Sibutramine reduces appetite and produces fullness resulting in early satiety. Other than some elevated blood pressure in some individuals, this is an effective drug, especially for those with cravings and compulsive eating. The feelings of fullness rather than appetite reduction may be the most significant effect. This is a drug approved for long-term use-months and even years. It has substantial benefits for those individuals who have a great deal of weight to lose and are willing to take the drug for long periods of time.
Orlistat
Approved by the U.S. FDA in 1999, Xenical (orlistat) is a lipase inhibitor for obesity management that acts by inhibiting the absorption of dietary fats. Orilstat prevents enzymes in the gastrointestinal tract from breaking down dietary fats into smaller molecules that can be absorbed by the body. This undigested fat is excreted in the bowel movement. Side effects of flatulence, fecal urgency, oily stools and leakage have limited its widespread use. An over-the-counter version, brand name Alli has been on the market for the past two years,
While it is expensive and has limited benefits, some studies show that teenagers have done well with it.
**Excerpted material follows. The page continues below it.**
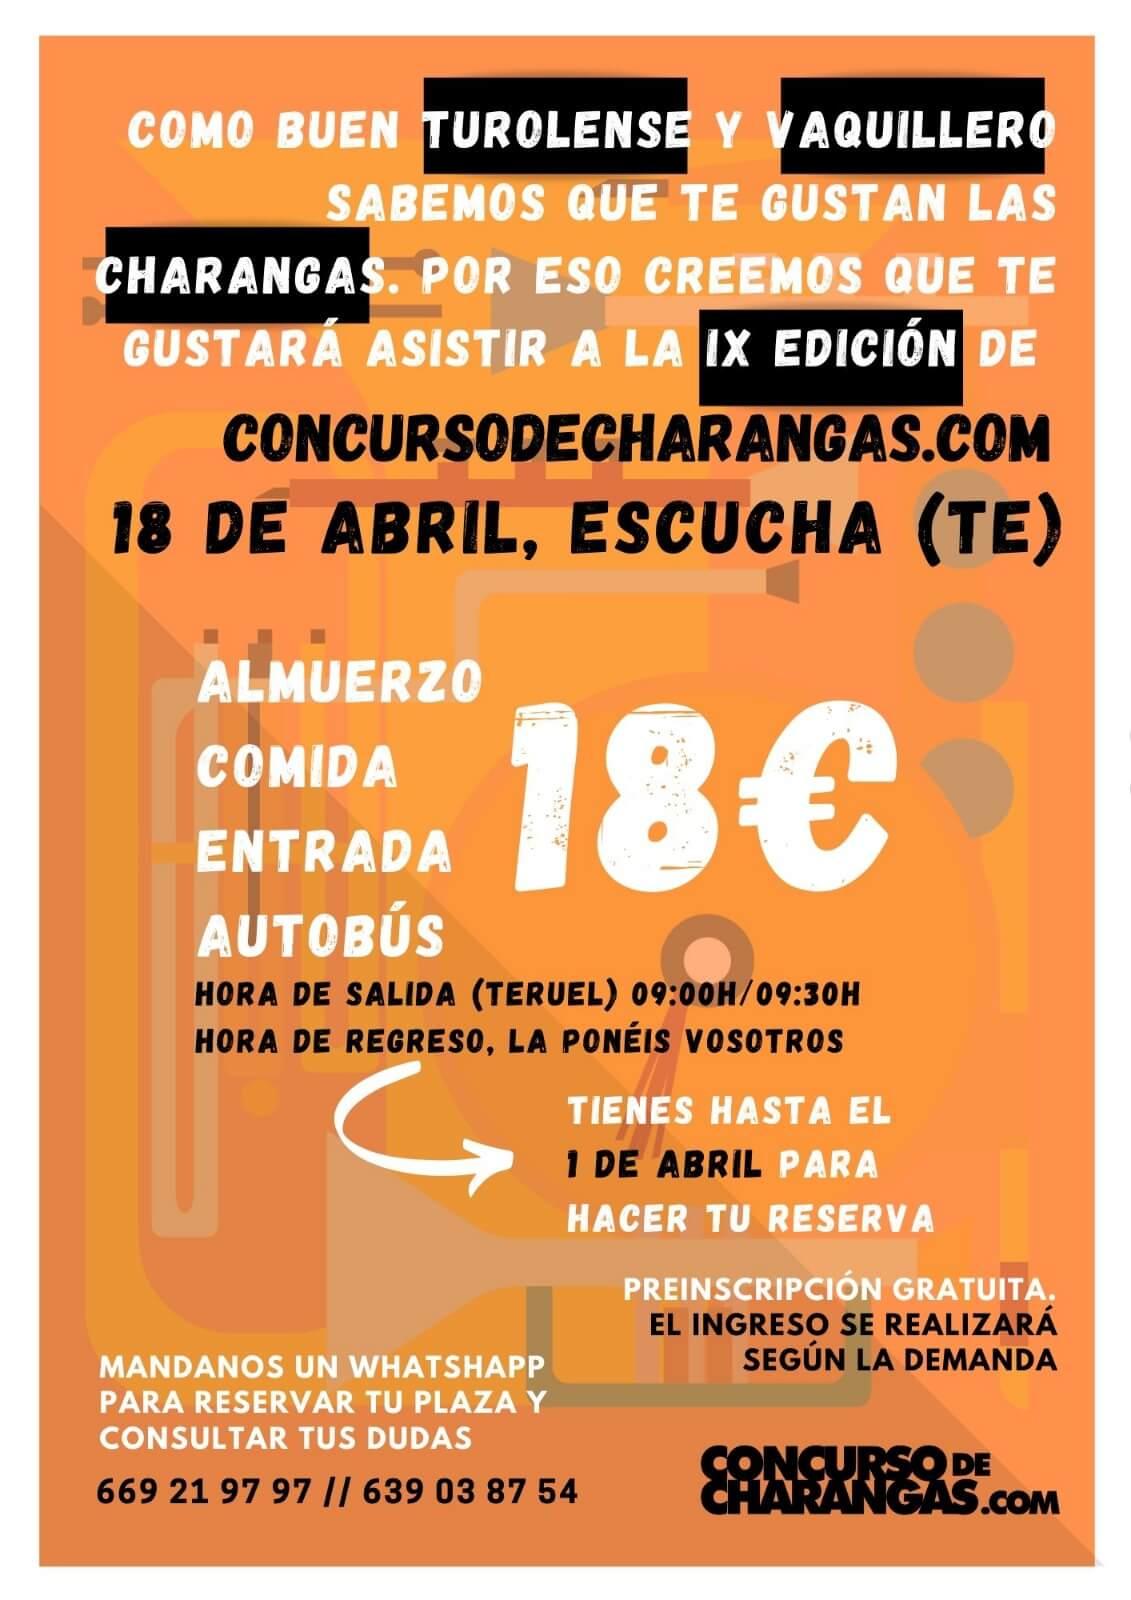 Autobús desde Teruel. Concurso de Charangas de Escucha (Teruel)

New Weight Loss Drugs for 2010:
After the cannabinoid receptor antagonist, drug Rimbonbant (Acomplia) was rejected by the FDA because of psychiatric problems and latter pulled off the European market, focus in the US has been on combining older drugs, each having different effects. This has been used very successfully in the treatment of hypertension, diabetes, and high cholesterol. Doses can be kept low and there are synergistic effect of taking two drugs, each one at lower doses. Three combinations of older drugs are being tested:
Qnexia-phentermine and topamax
Empatic-buprion and zonisamide
Contrave-Buproion and Naltrexone
Of these three, the best result seem to have been from Contrave, which reminds one of phen/fen, only the fenfluramine has be substituted by the migraine/headache pill, Topamax. I have prescribed this combination of pills, off label, and have very good results, especially in patients who are eating out of cravings or emotion issues and not even hungry. The greatest side effect was fatigue and sleepiness.
Another approach has been to use the GLP-1 antagonists used for treating diabetes including Pramlintide,Exenatide and Symylin. The down side is that they have to be given by injection once or twice a day. A long acting once a week injection is being tested which may offer a lot of advantages to obese diabetics and people with morbid obesity. The drugs normalize blood sugars(but do not cause them to fall below normal), decrease gastric emptying time so a person is full longer, and may actually decrease appetite through central nervous system pathways.
Every pharmaceutical company is looking at this market, and no doubt in the next few years, new and exciting medication will be available to assist the overweight person. However, medications are only helpers, not much different than bariatric sugery in that people still need to pay attention to the food and move around more.If you are considering medications, you need to see a physician who is experienced with these medications.They are prescription medications (except for Alli) and all have significant side effects if not taken corrrectly.
Buying these kinds of drugs on the Internet is dangerous, you don't know what is the best drug for you nor do you have any idea even what you are buying. Visit an M.D. or D.O., weight loss is a serious business. Treat your body as carefully as you take care of your computer or car. You will also save a lot of money, Internet prices are often four to five times what you would pay in a drugstore!